To say China is enjoying something of an indie rock renaissance would be to limit the size and power of that country’s DIY continuum. The music may be less celebrated in the mainstream than its American counterpart, but it’s no less full of heart and vitality. The label Maybe Mars continually releases work from some of the best contemporary guitar-based bands in the region; its catalog is eclectic, championing arty independent music that freely mixes genres. In the case of Beijing’s Future Orients, the group’s dynamism makes them one of the most interesting post-punk bands of late.

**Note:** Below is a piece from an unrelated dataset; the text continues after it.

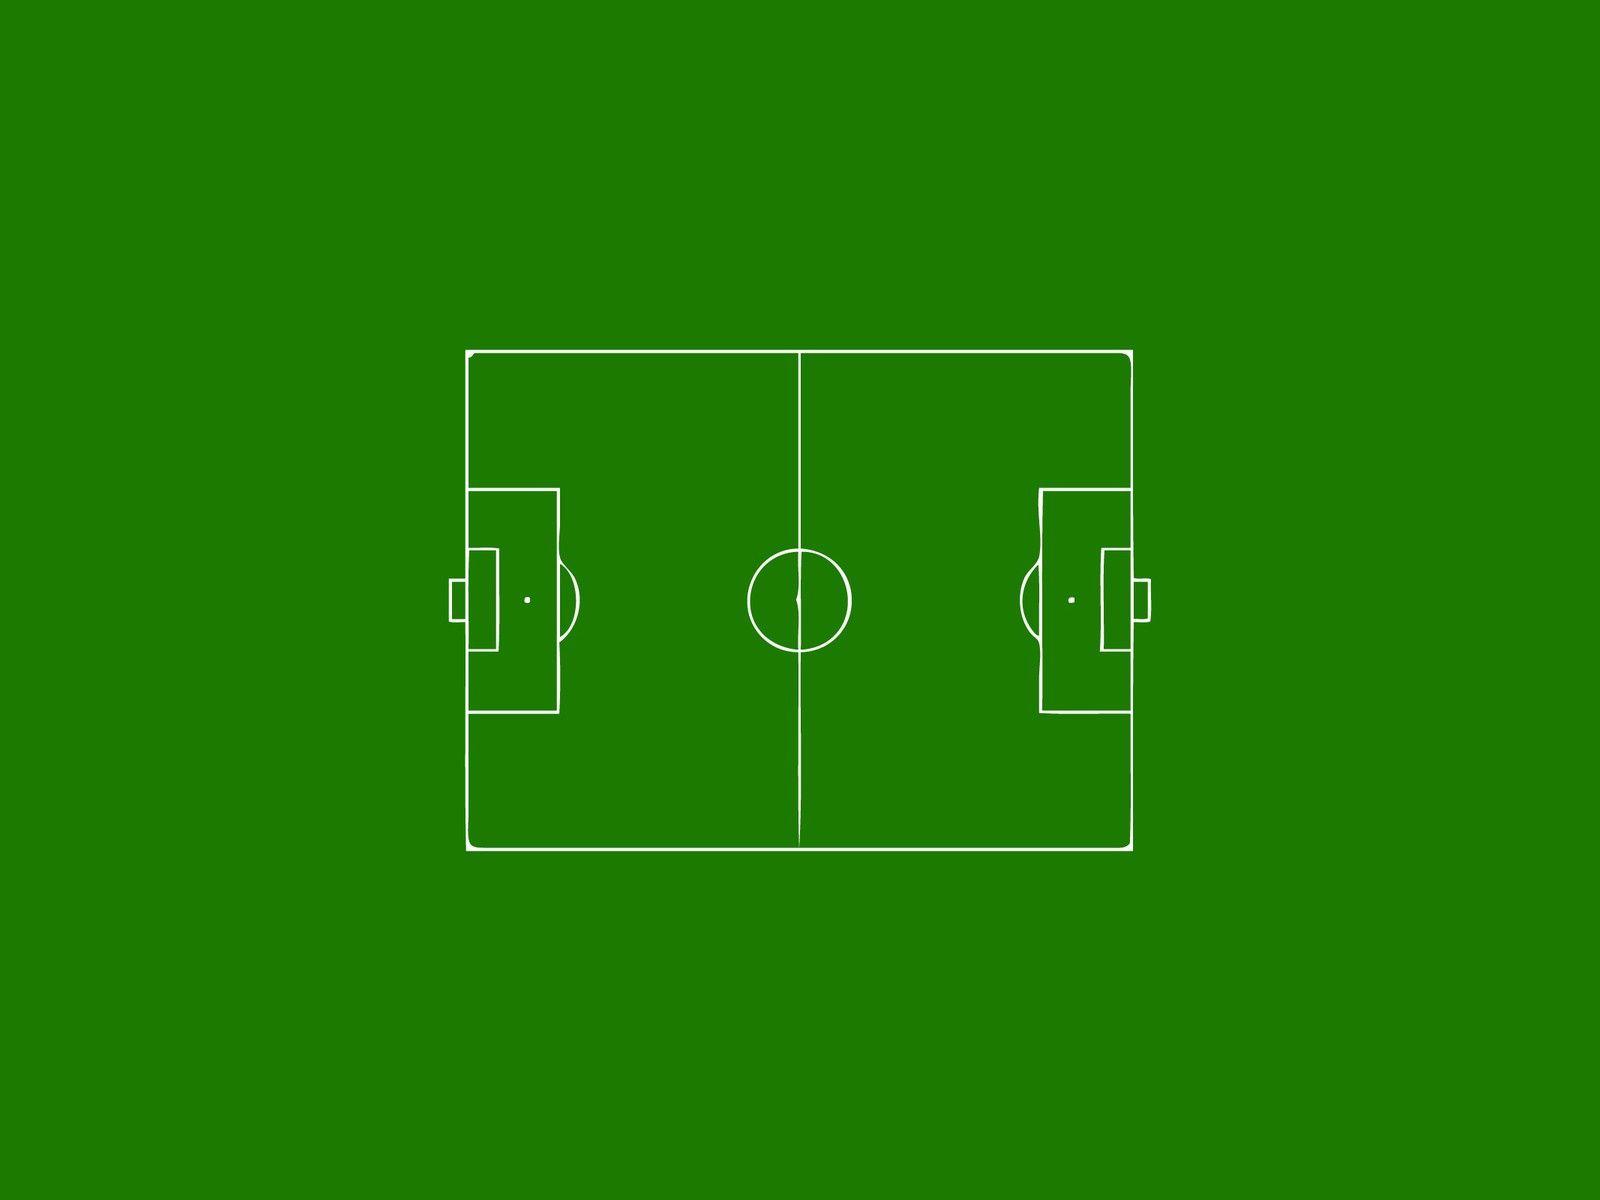 Fields football field minimalistic soccer wallpaper. AllWallpaper

Eat or Die is the group’s debut, and they emerge masterfully, with nine songs that seem to span both genre and generations. The vocal cries in “Lost” recall American emo’s ‘90s/early ‘00s golden era. “Running” tempers technical math-rock guitar playing with a U.K. goth glow, courtesy of heavy chorus and reverb. “Haze” continues that theme, adding female vocal harmonies for texture. “Cave” isn’t a far cry from the delicate pop of Death Cab for Cutie’s Transatlanticism, effortlessly evolving into instrumental psych-rock track and hazy shoegaze before reaching its coda. On paper, it might seem overstuffed. In song, in 10 minutes, it’s transformative.
Eat or Die ends with “Down,” synth mixed louder than its spoken-word vocals. Before long, a sweet, robotic vocal harmony enters, and what could have built into a messy, angsty hodgepodge concludes with bright optimism. That transformation highlights the very thing that makes this band work—their unlikely combination of styles merge to form something beautiful and cohesive.